**What you need to do**
Please set down only the lines below starting with the line with "Benin s wilderness" and going on through the line with "Doctors Market", verbatim and without pictures.

**Available data**
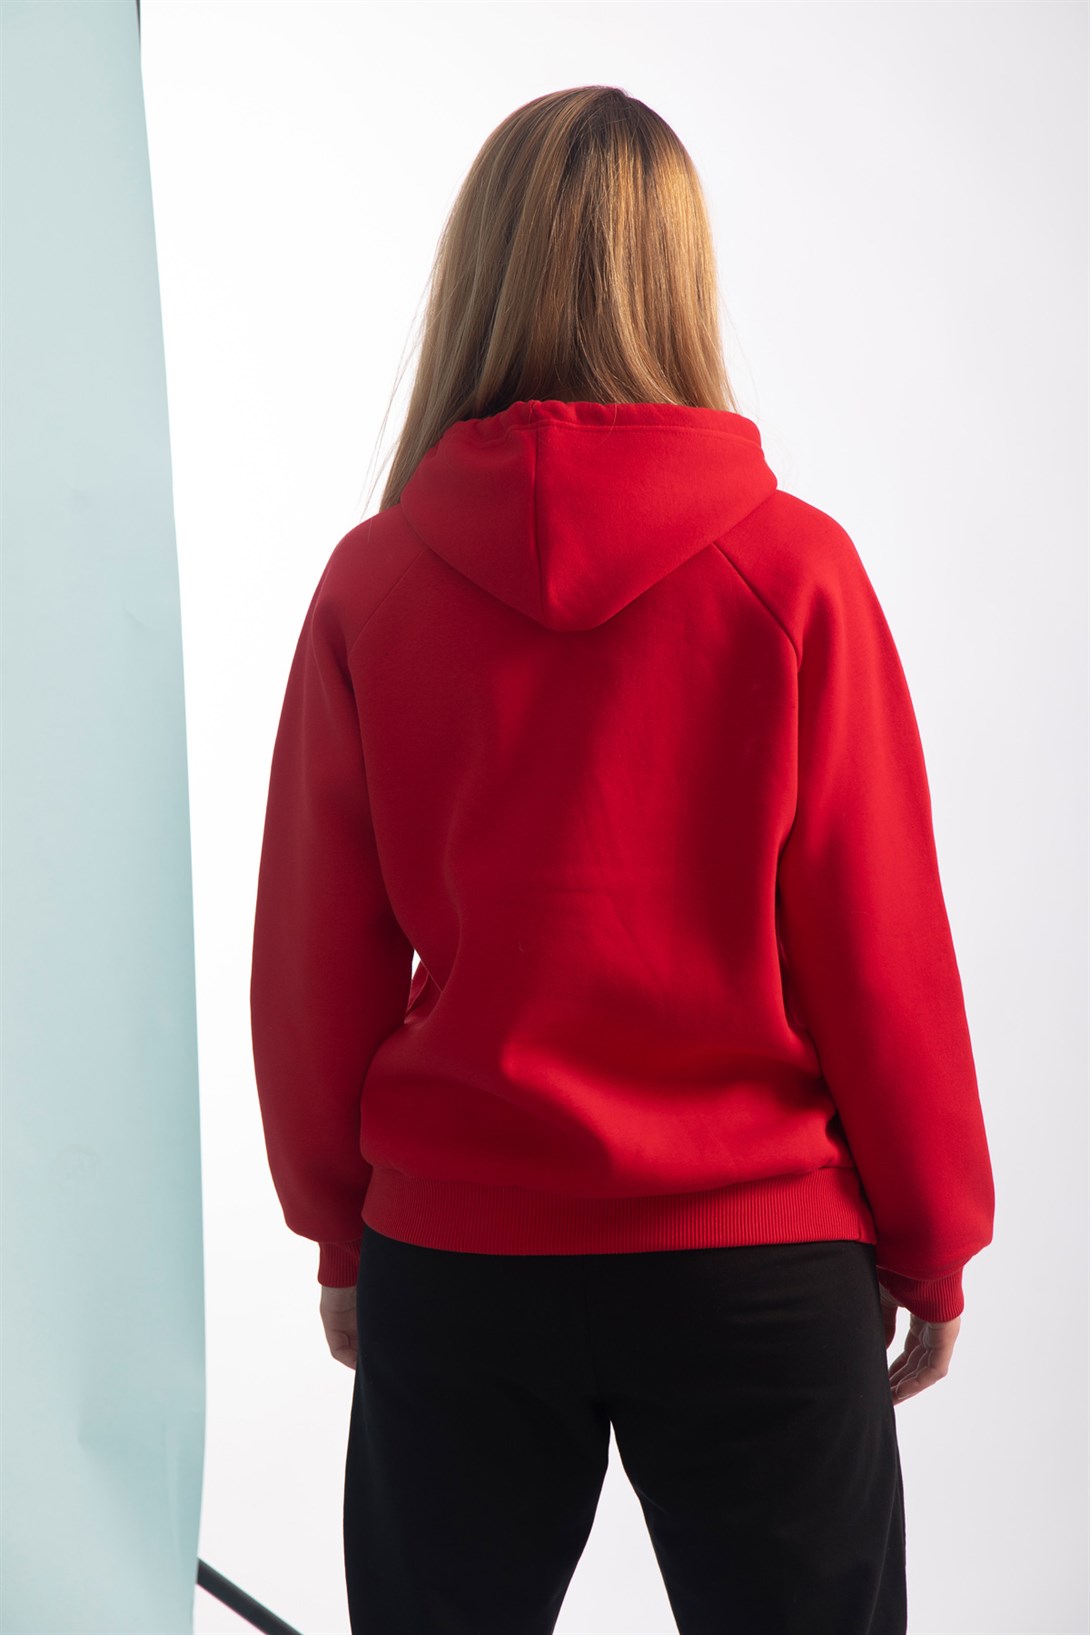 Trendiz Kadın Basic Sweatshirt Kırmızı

---

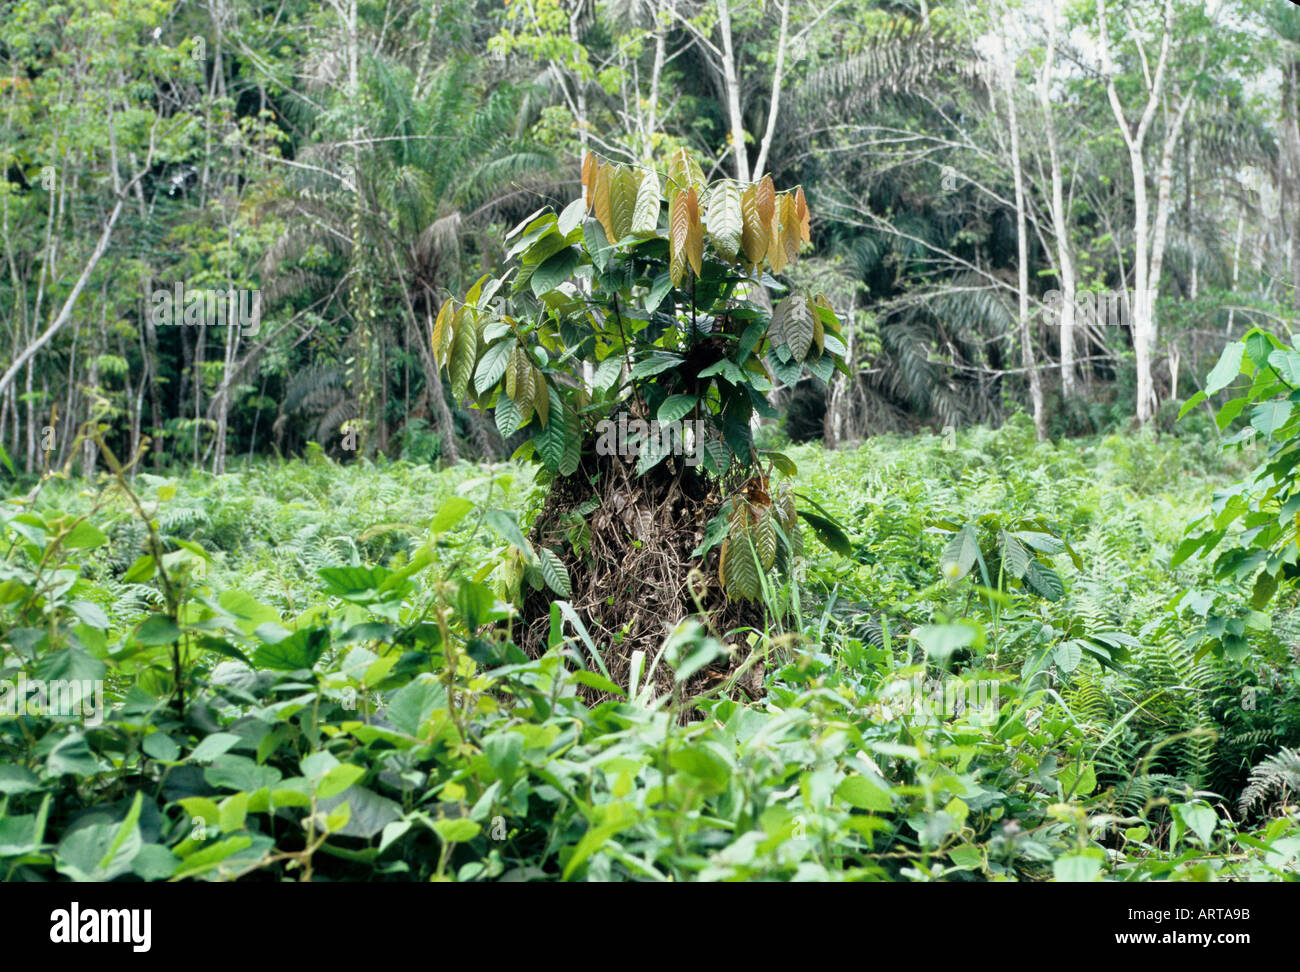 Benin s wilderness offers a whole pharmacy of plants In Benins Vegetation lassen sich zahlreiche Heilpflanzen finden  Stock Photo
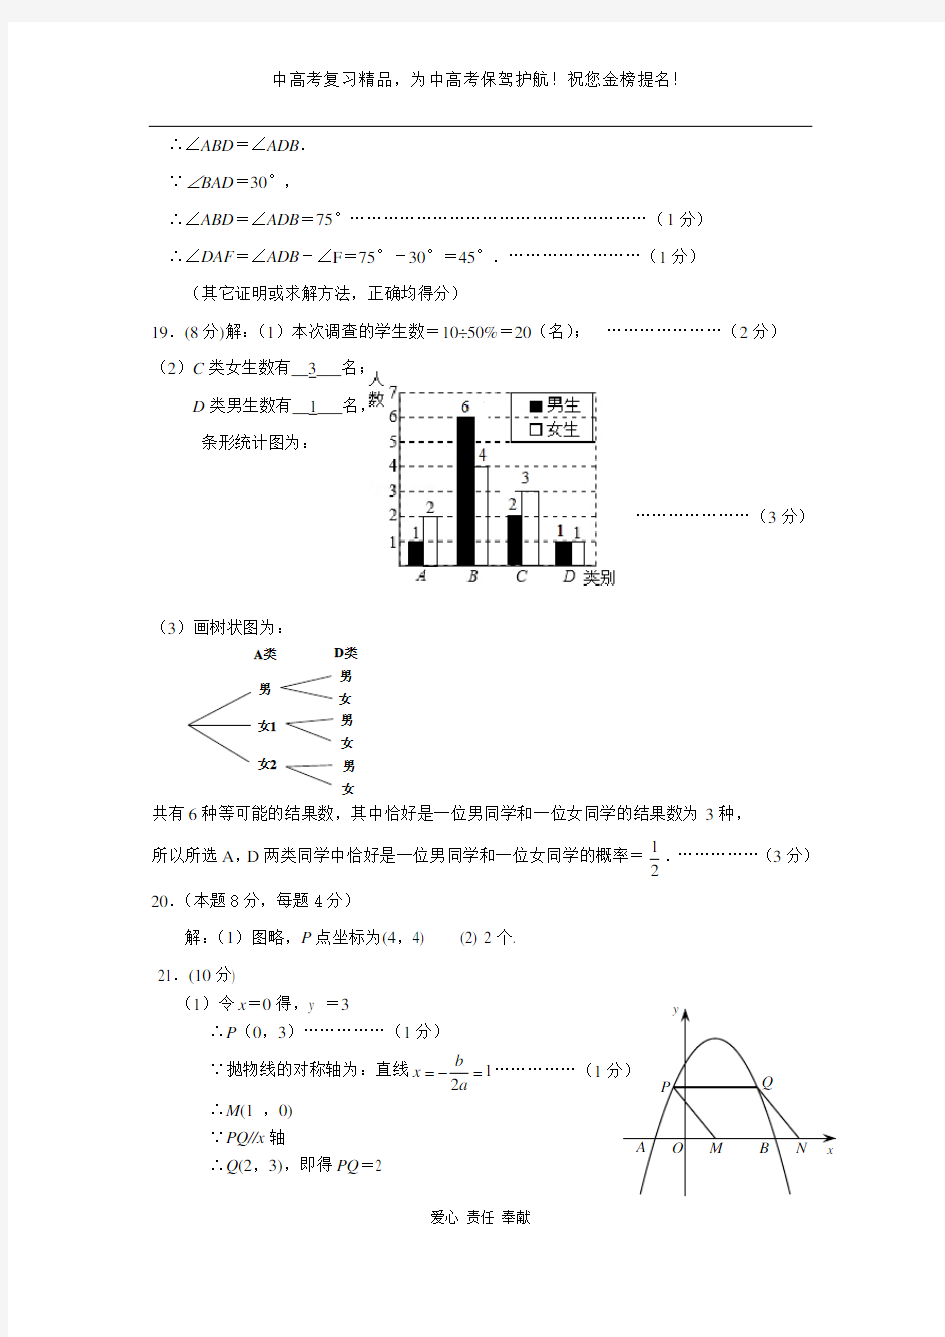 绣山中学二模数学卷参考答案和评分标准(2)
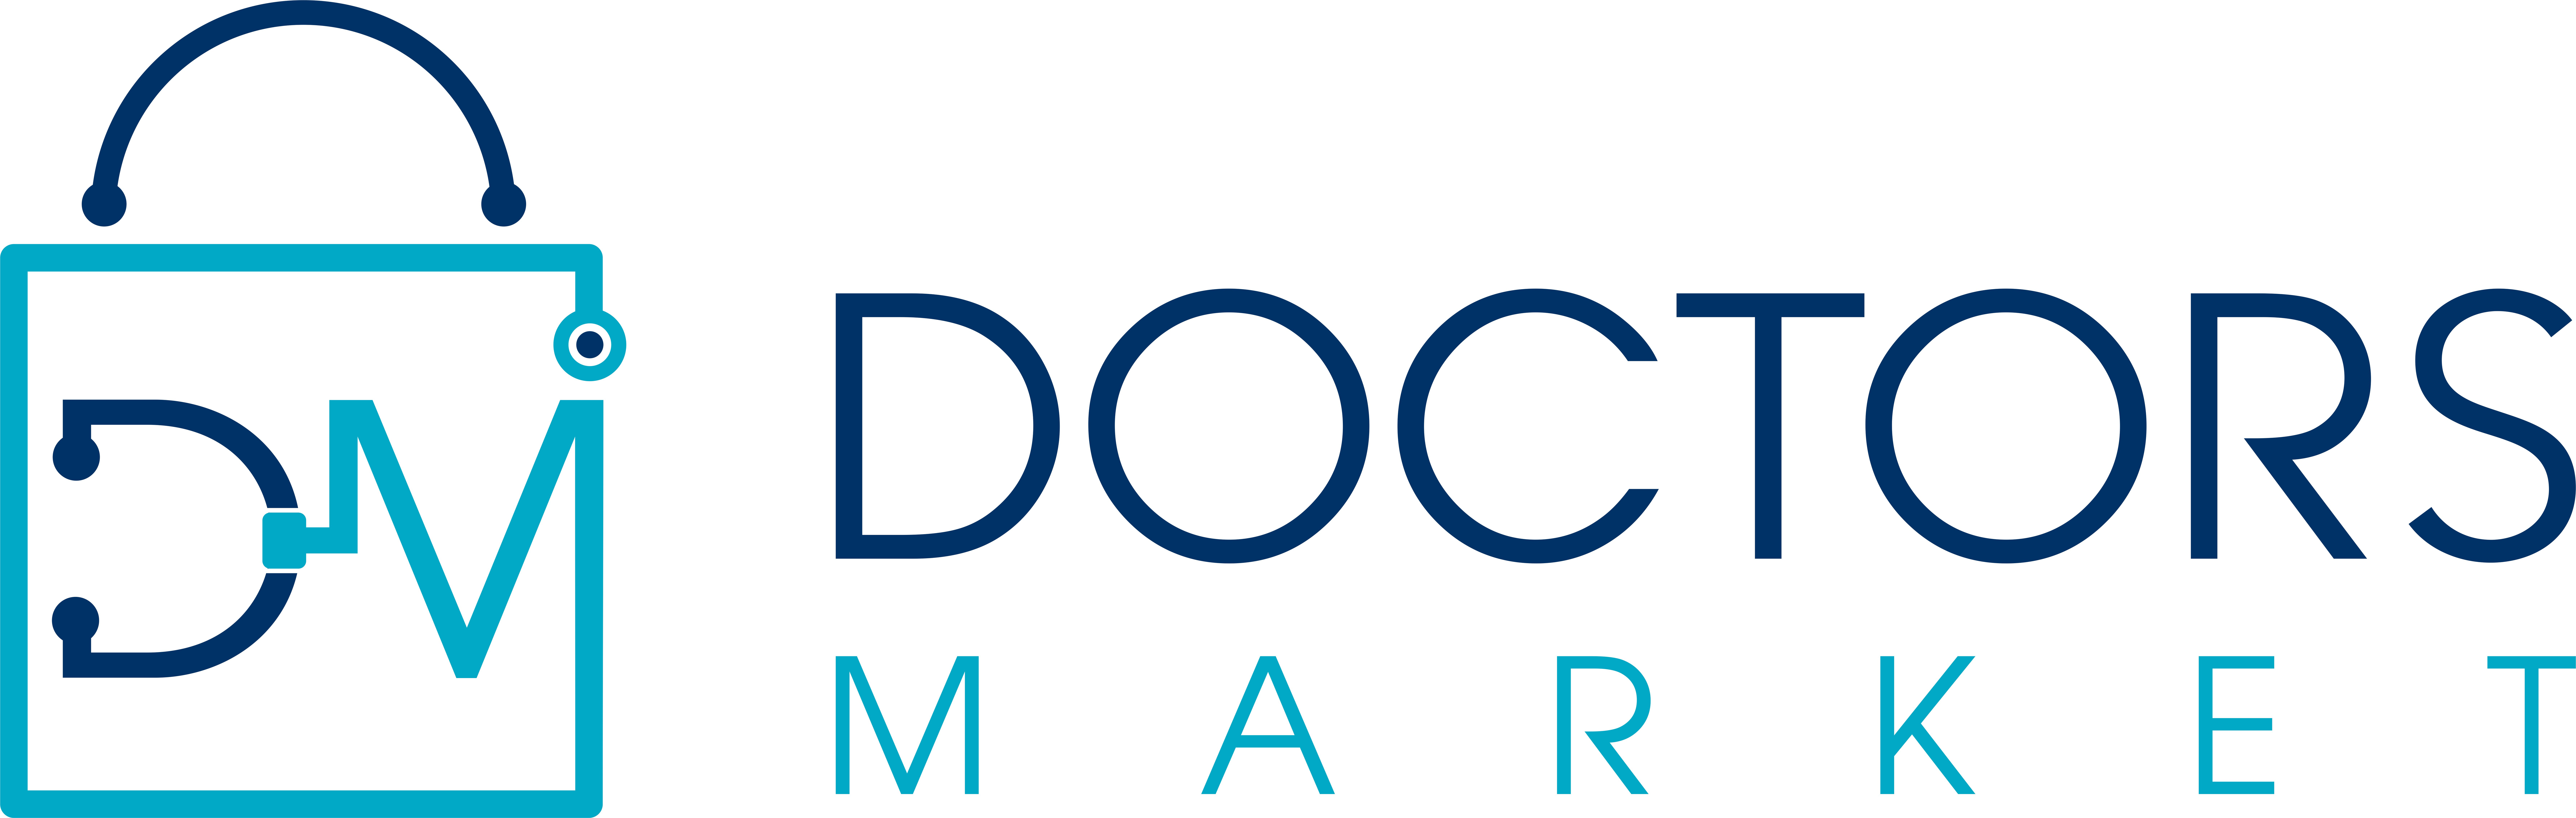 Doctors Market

**Written answer**
 Benin s wilderness offers a whole pharmacy of plants In Benins Vegetation lassen sich zahlreiche Heilpflanzen finden  Stock Photo
 绣山中学二模数学卷参考答案和评分标准(2)
 Doctors Market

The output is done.